__Your objective__:
When you transcribe the listing that follows, keep every line exact and omit the pictures.
Supplied data section start
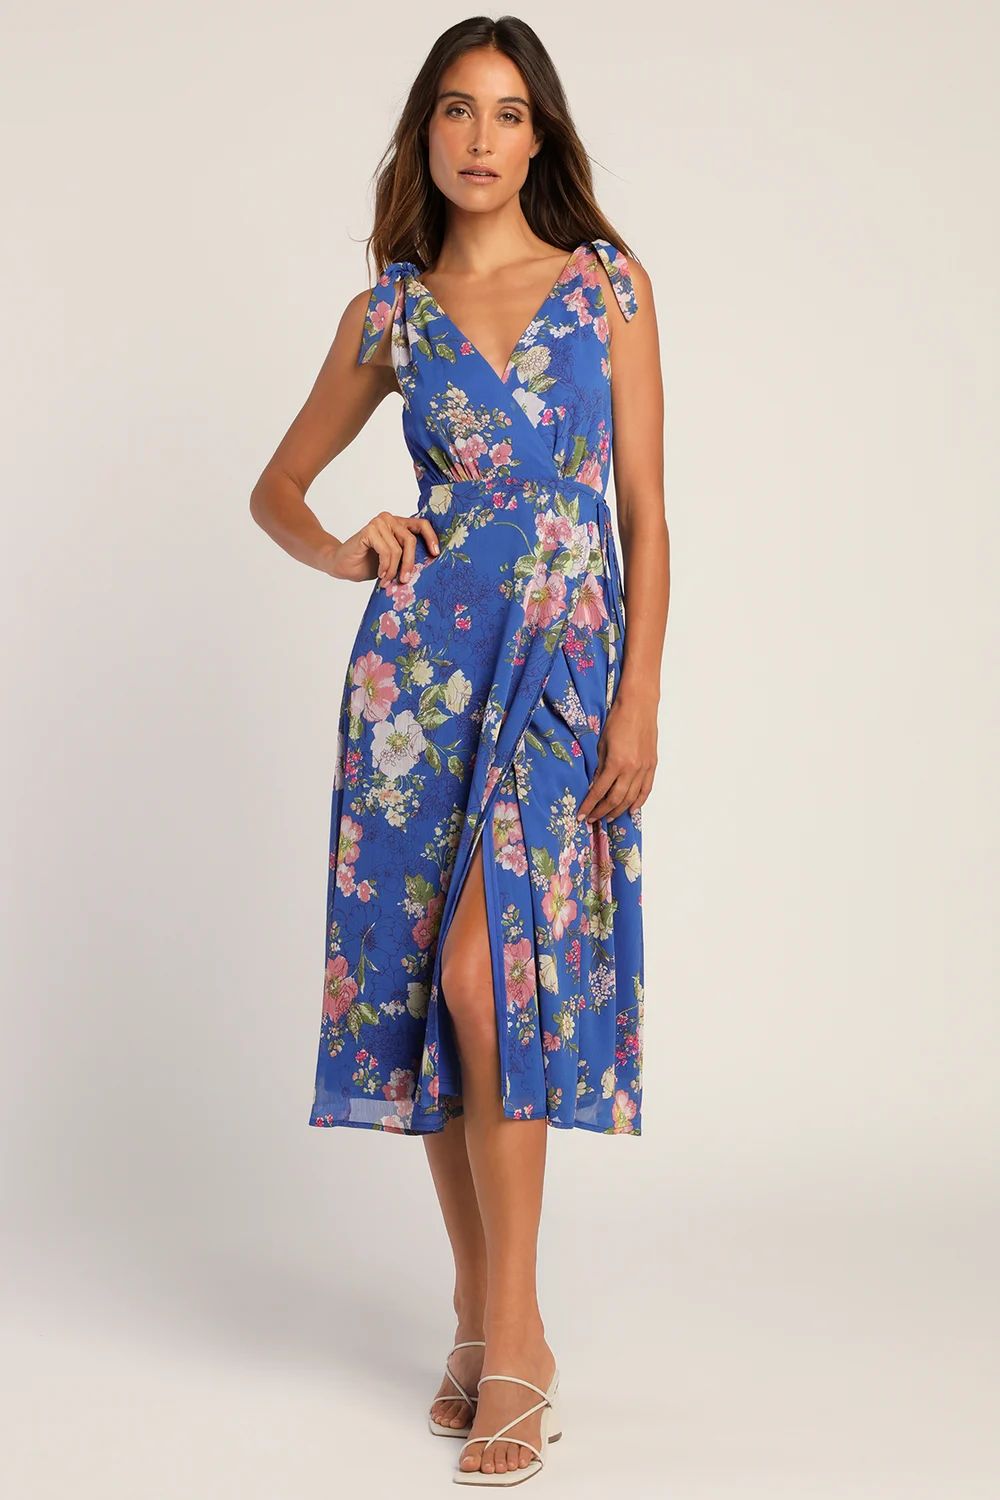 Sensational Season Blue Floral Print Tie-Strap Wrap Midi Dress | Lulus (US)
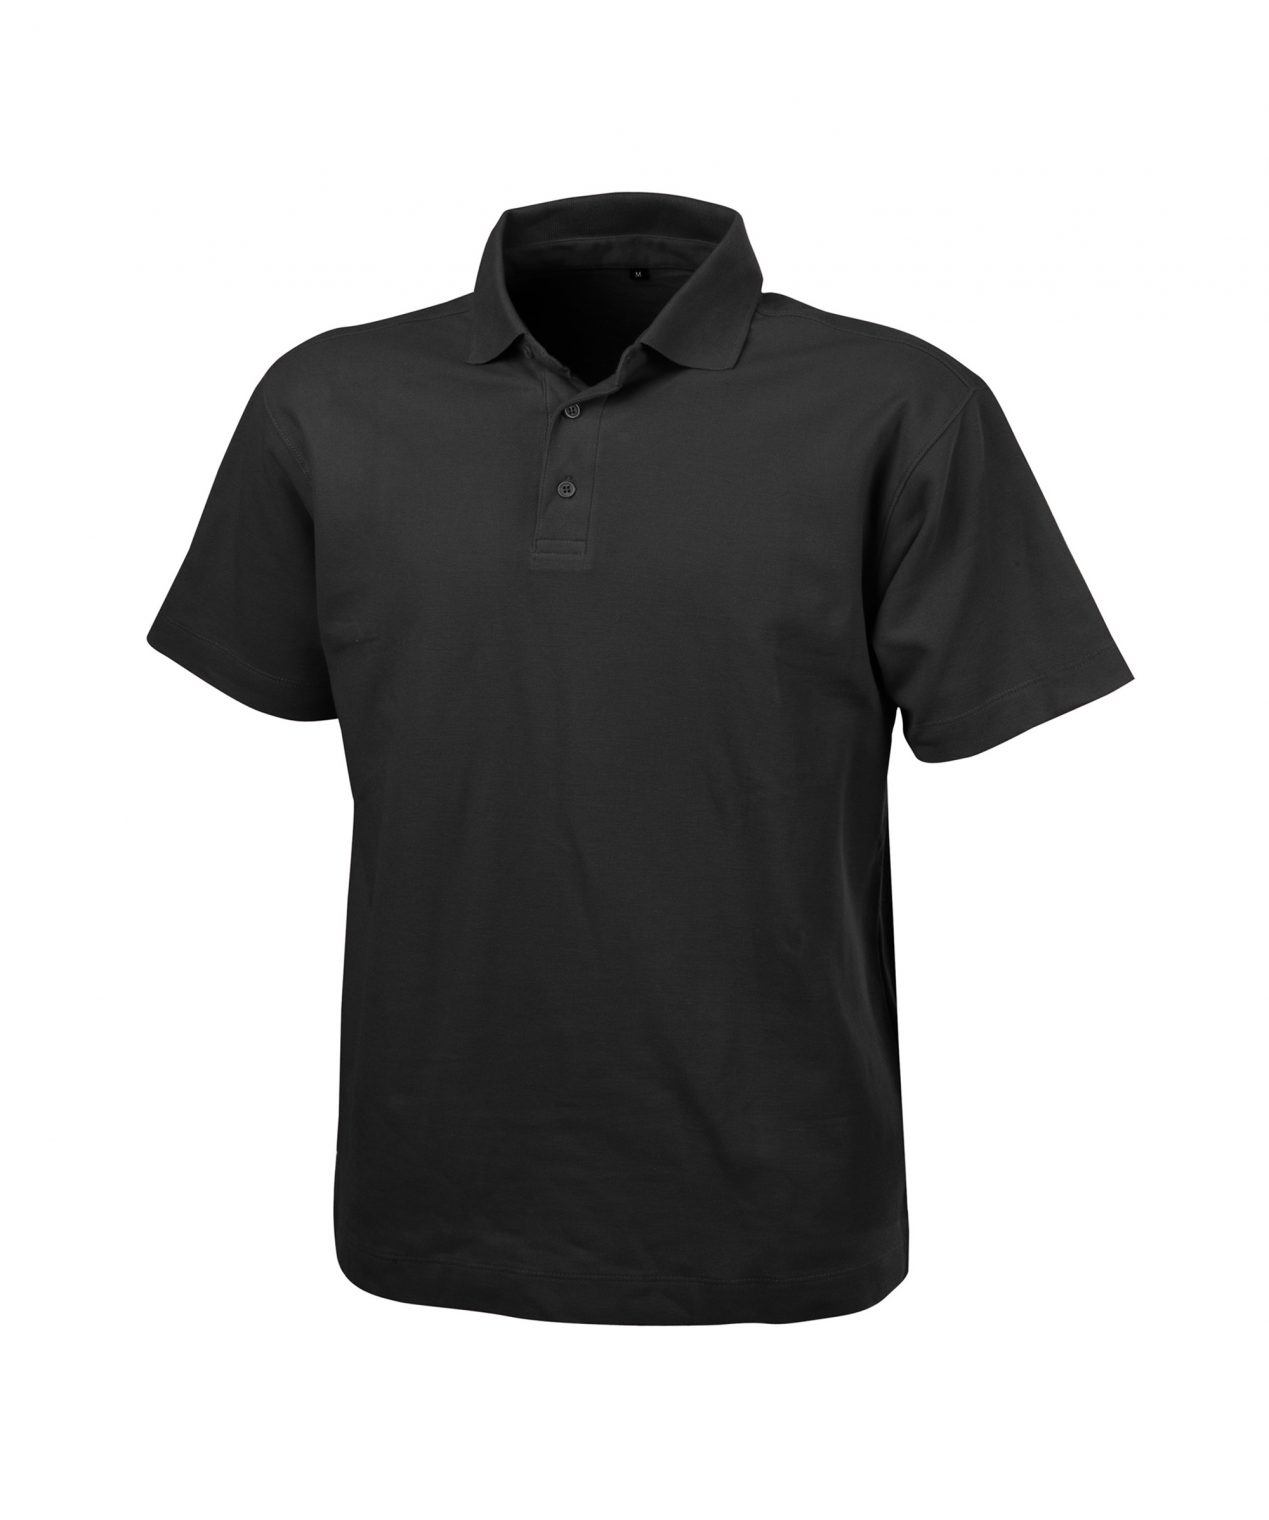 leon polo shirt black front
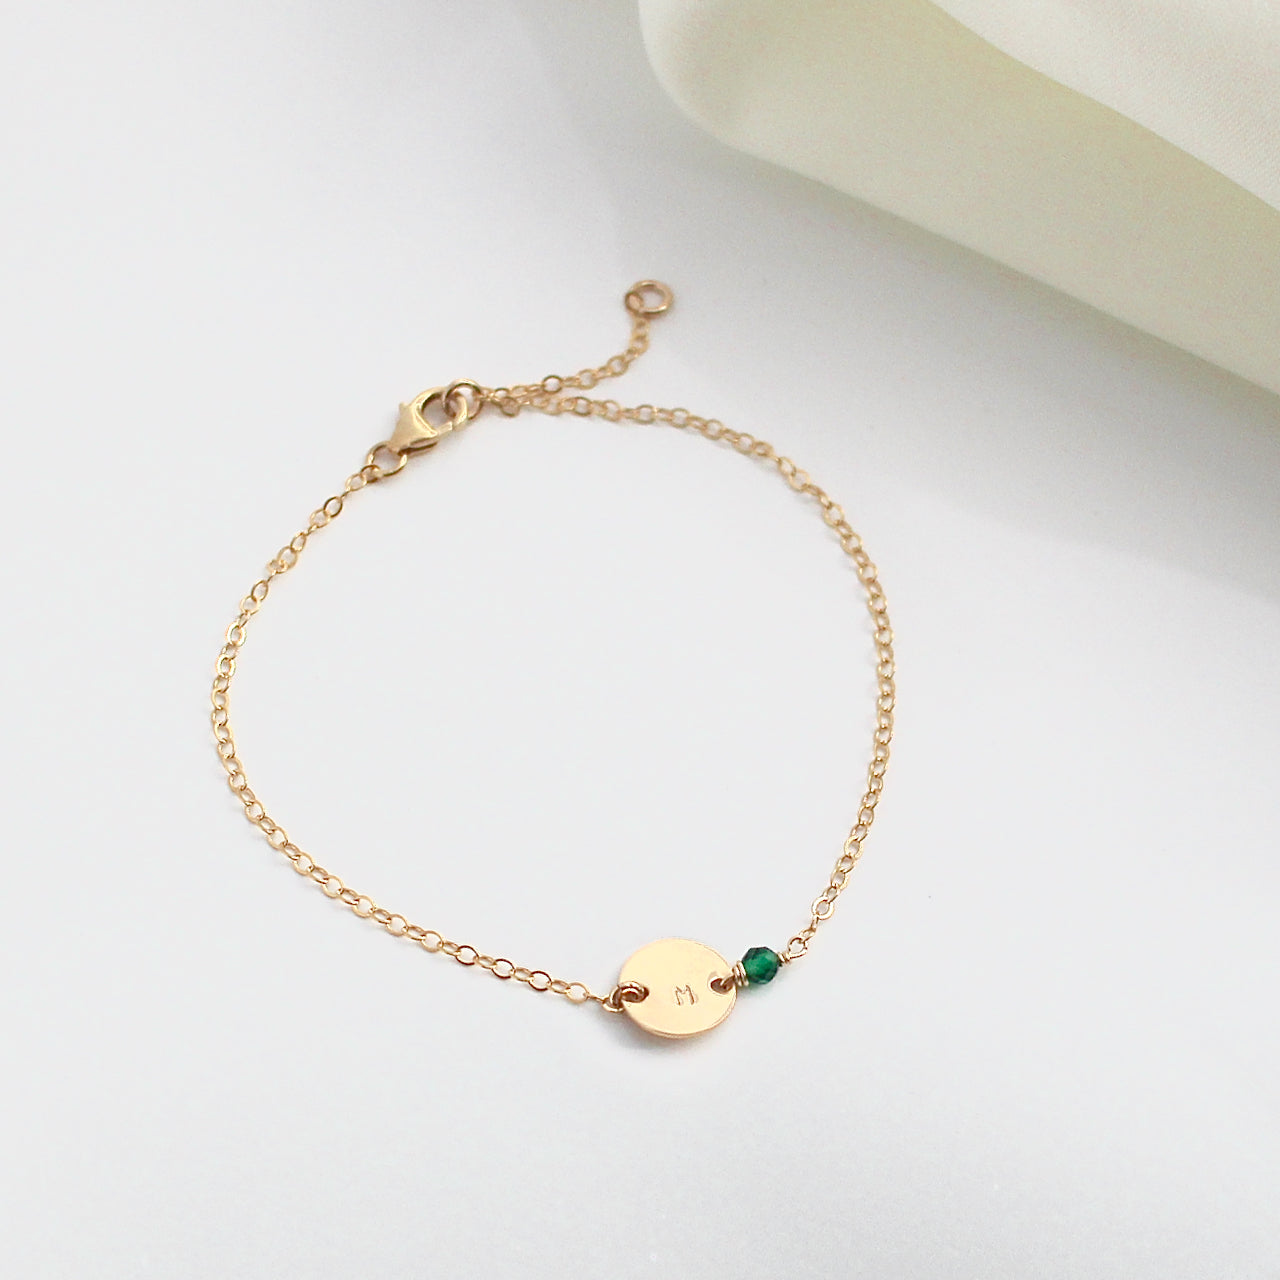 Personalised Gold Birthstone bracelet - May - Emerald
Supplied data section end
__Exercise output__:
 Sensational Season Blue Floral Print Tie-Strap Wrap Midi Dress | Lulus (US)
 leon polo shirt black front
 Personalised Gold Birthstone bracelet - May - Emerald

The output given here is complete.